俺は華燐と別れた後、部屋に戻った。
扉を開け、中に入り鍵を掛ける。
靴を脱ごうと足元を見ると、霧島の靴の隣に、見覚えのある靴が一足増えていた。
どうやら、みさきが来ているらしい。
奥から、何やら二人の声が聞こえる。
明日の予定を伝えるのに丁度いい。
みさきの部屋まで行く手間も省けたな。
奥へ向かうと、どこから持ってきたのか、トランプを机の上に広げる二人の姿があった。
二人の様子は対照的で、霧島は面白くなさそうに後ろへ両手をつき、みさきは真剣な顔で手札を睨んでいた。
「お前たちは何をしているんだ」
俺が戻ってきたことに気が付いたのだろう。
霧島がこちらを見てくる。
その目は、心なしか疲れと期待を滲ませているように見える。
何かあったのだろうか。
「祝、こいつどうにかしてくれ」
「藪から棒にどうした」
「お前が出ていった後すぐに、こいつがトランプを持ってきて付き合わされているんだが……死ぬほど弱いくせに勝つまでやるって言って聞かなくてな」
「……悪いことをしたな」
霧島とのやり取りで、俺がいることにようやく気が付いたのだろう。
みさきは俺の方を振り向くと、
「あ、お帰りっす。祝先輩聞いてくださいっす。霧島さんがずーっとトランプでズルしてくるんすよ!」
待ちわびたとばかりに、一気にまくし立てる。
それだけじゃ足りないのか、立ち上がって俺の方に向かってくる。
「お前は一旦落ち着け」
手刀でみさきの額を軽く叩く。
「イテッ」
「明日は九時に受付で華燐と落ち合う。さっさと片付けて自分の部屋に戻れ」
みさきが何か文句を言いだす前に、要件を伝える。
「……分かったっす」
文句を言う気分じゃなくなったのだろう。
額を抑えながら、そう返事をすると、そそくさと机の上のトランプを片付け始める。
あくびをしているのを見るに、それなりに眠かったようだ。
「助かったよ」
霧島が礼を言う。
「気にしないでいい。それよりも、話した通り、明日は九時に受付だ。早く寝た方がいい」
「そうだな、さっさと清乃江を帰して寝よう」
霧島がみさきの片付けを手伝い始める。
数分後、みさきはトランプと散らかしたものを片付け終え、
「おやすみなさい。
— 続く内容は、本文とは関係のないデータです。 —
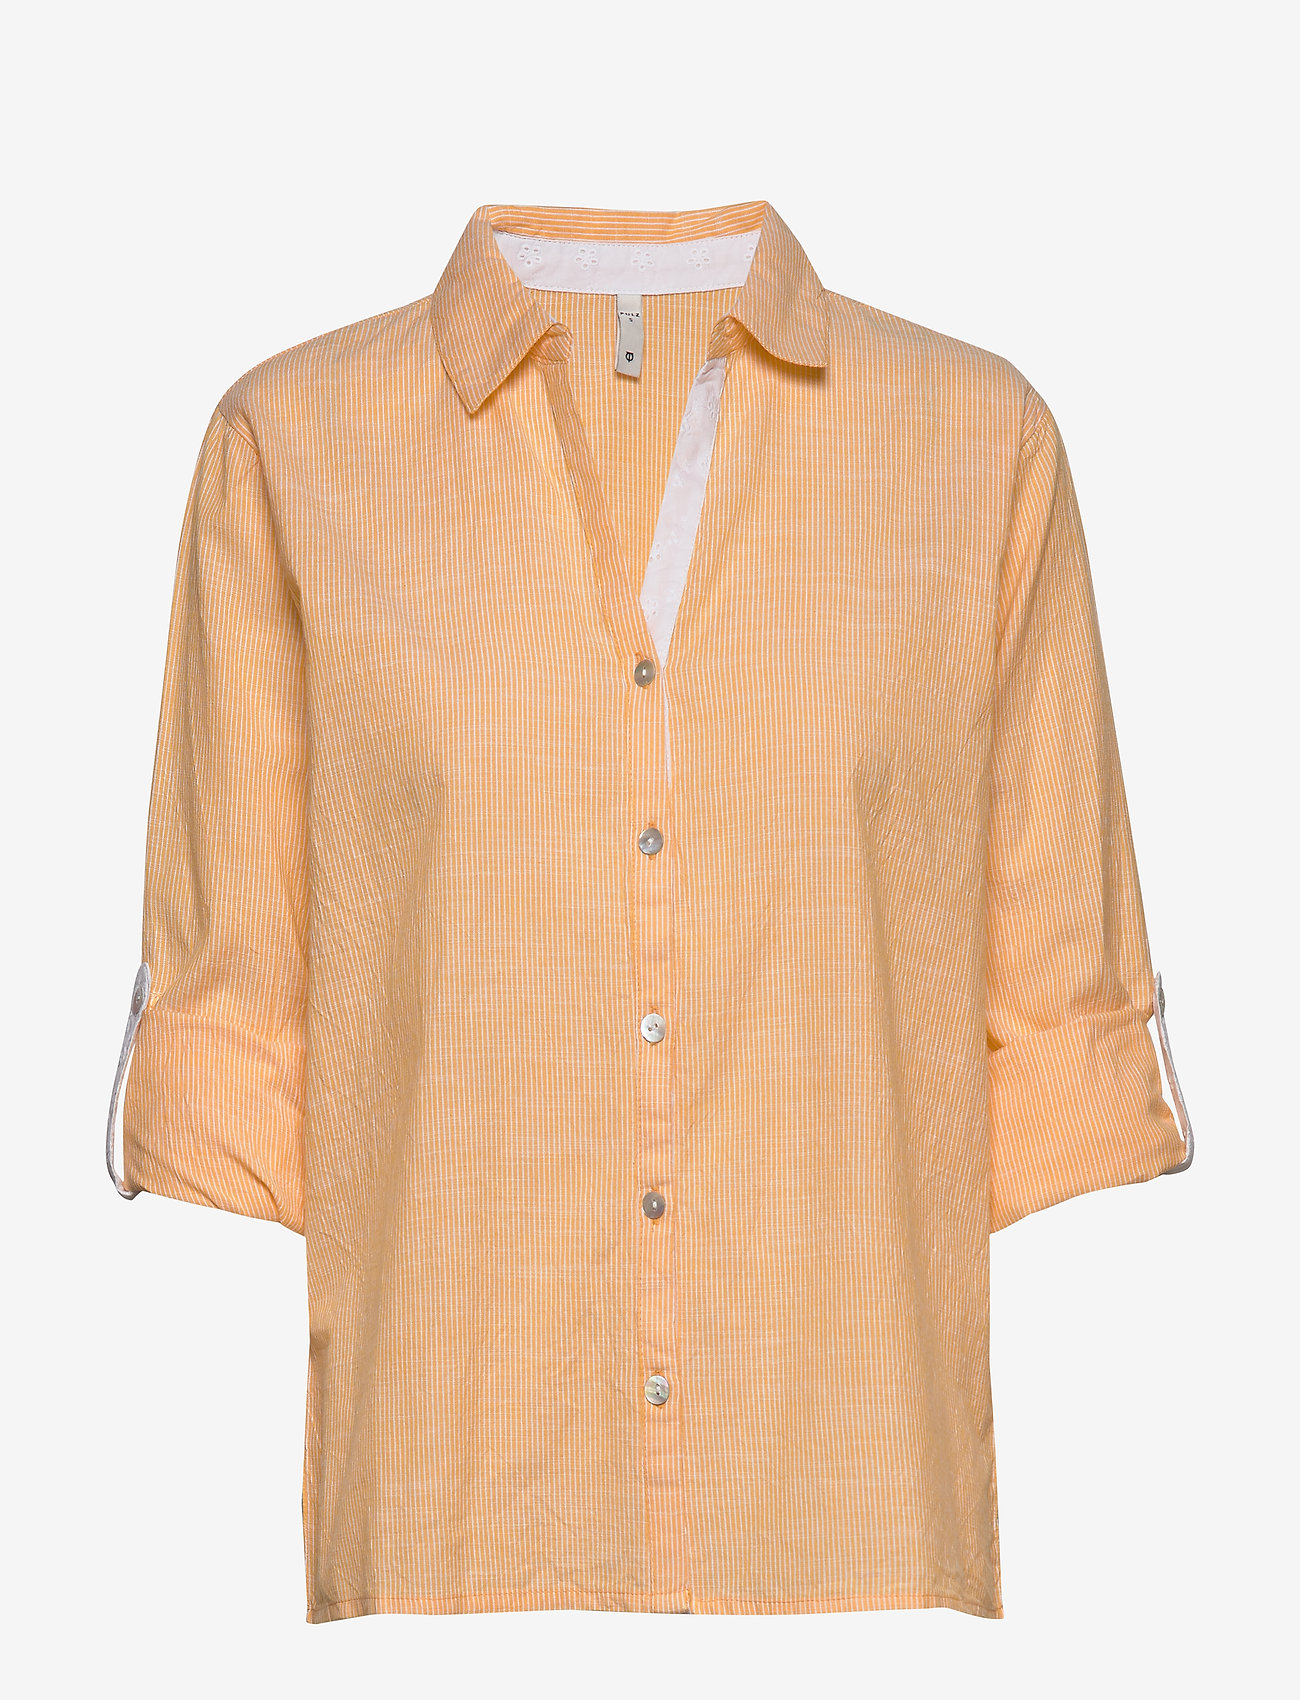 Särskild rabattPzlone Shirt Artisan's Gold 420 Pulz Jeans ghJHh ECvQM

また明日っす」
そう言って、自分の部屋に帰っていった。
みさきを見送った俺たちは就寝の準備をしようと、扉に背を向ける。
すると、バンッと、扉が開いた。
何事かと扉の方に振り返ると、
「あ、霧島さん片付け手伝ってくれてありがとうっす。お礼いうの忘れてたっす」
みさきは霧島にそう伝えると、またしてもバンッと扉を閉め、今度こそ帰っていった。
嵐が過ぎ去った後とは、今のような状況を指すのだろう。
奇妙な静けさが残されていた。
「なあ祝、あいつは本当になんなんだ」
霧島が口を開く。
「さあな」
「……」
「とりあえず寝てしまおう」
俺がそう言うと、霧島も無言で頷いた。